Oh Egipto, Egipto, ¿no
    Recuerda, querido amigo, ¿has olvidado?
Que dos veces fuiste el salvador de&nbsp ;
    Mi único Hijo, ¿aunque no por amor?

Lo alimentaste en la hambruna. Entonces
    Lo tomaste por esclavo. Y cuando
lo rescaté, os hice saber
    Mi nombre, mi poder, y cuánto dolor 
caerá sobre los que se burlan de mi Hijo.

Y cuando volvió, Aquel
Que Herodes destruiría, huyó
    Una vez más a su querido amigo que alimentaba 
Él una vez antes.
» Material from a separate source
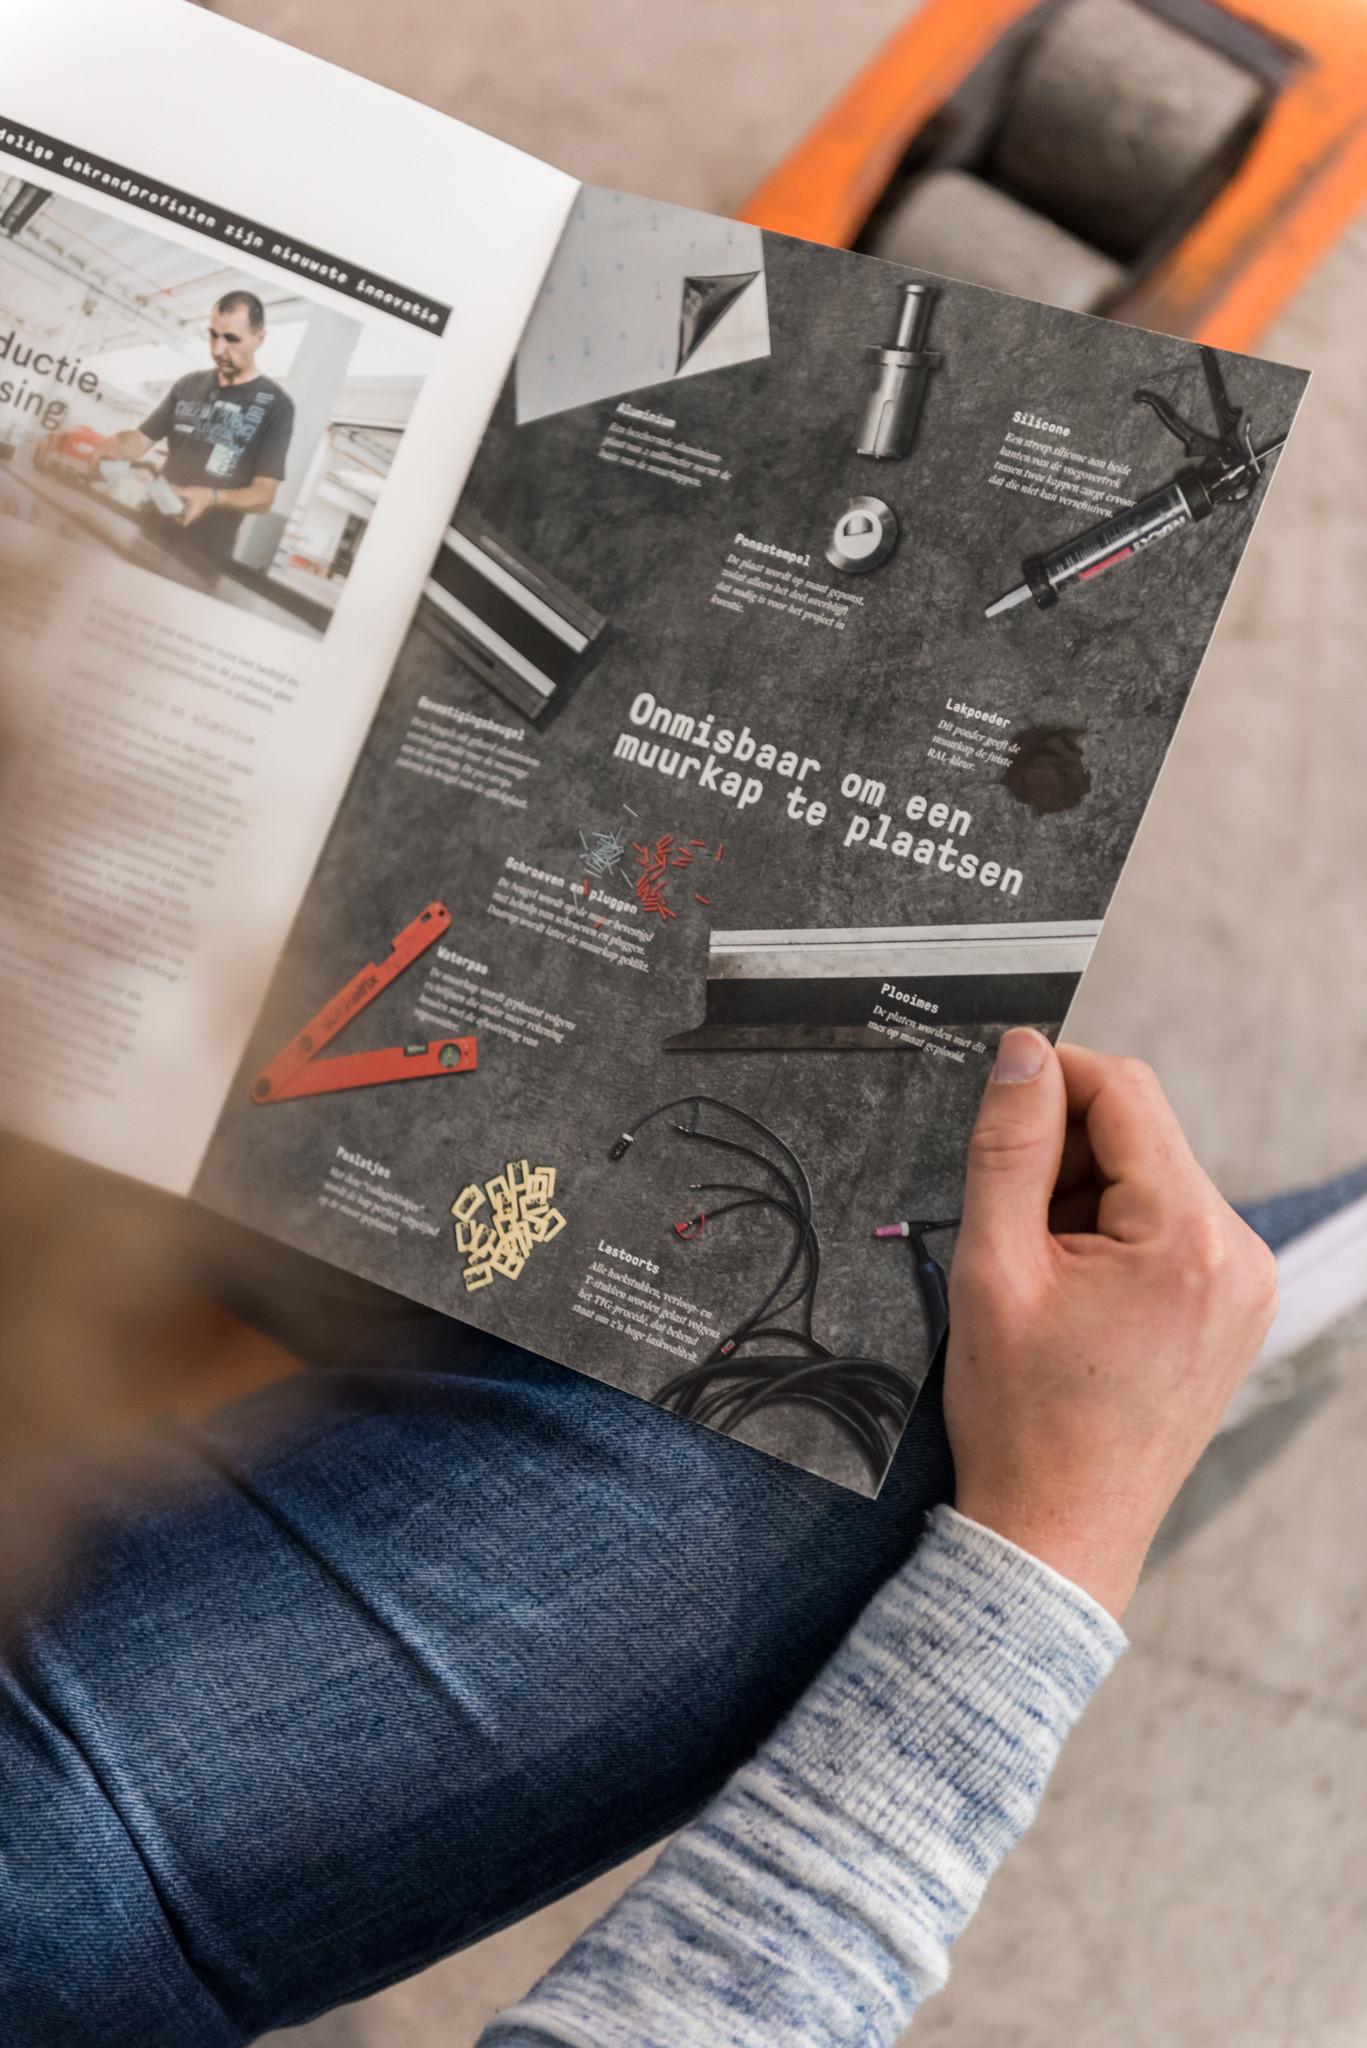 Een goede afwisseling tussen korte en lange artikels is belangrijk in een bedrijfsmagazine

Y allí te escondiste 
    y lo amamantaste como Moisés, ’en medio
de los juncos y de las riquezas de
    la corte real, aunque no por amor.
Dos años le diste escudo y pan
    Hasta que murieron sus enemigos
Y le fue seguro hacer
    ; Su camino de regreso a casa, y por tu bien
A morir. 
                Oh Egipto, Egipto,
    Destruirás ahora su casa, y matarás
Su pueblo, cortarás su palabra perfecta
    En pedazos, para que no la verdad sea escuchada — 
¿La noticia más dulce que él, o yo,
    podríamos hablar alguna vez?
                                   Y así clamo
en voz alta otra vez: Oh Egipto, escucha
    Esta tierna palabra. Está tan cerca
de ti como la esperanza. ¿Acaso el tuyo
    Isaías tiernamente no dio a conocer
mi corazón? ¡Escucha, Egipto! “En
    Ese día, a pesar de todo tu pecado,
Juntos, tú e Israel,
    Y la vasta Asiria, habitarán
Como uno — el reino de mi Hijo —
    Y en aquel día, con alegría, aturdiré
al mundo, y os llamaré míos. Y vosotros
    Seréis mi pueblo. Sí, la verdadera
y feliz esposa de Cristo, con todos
    tus enemigos mansos y quebrantados que invocan
su gran nombre. Y al final,
    Sabrás por qué te he llamado amigo”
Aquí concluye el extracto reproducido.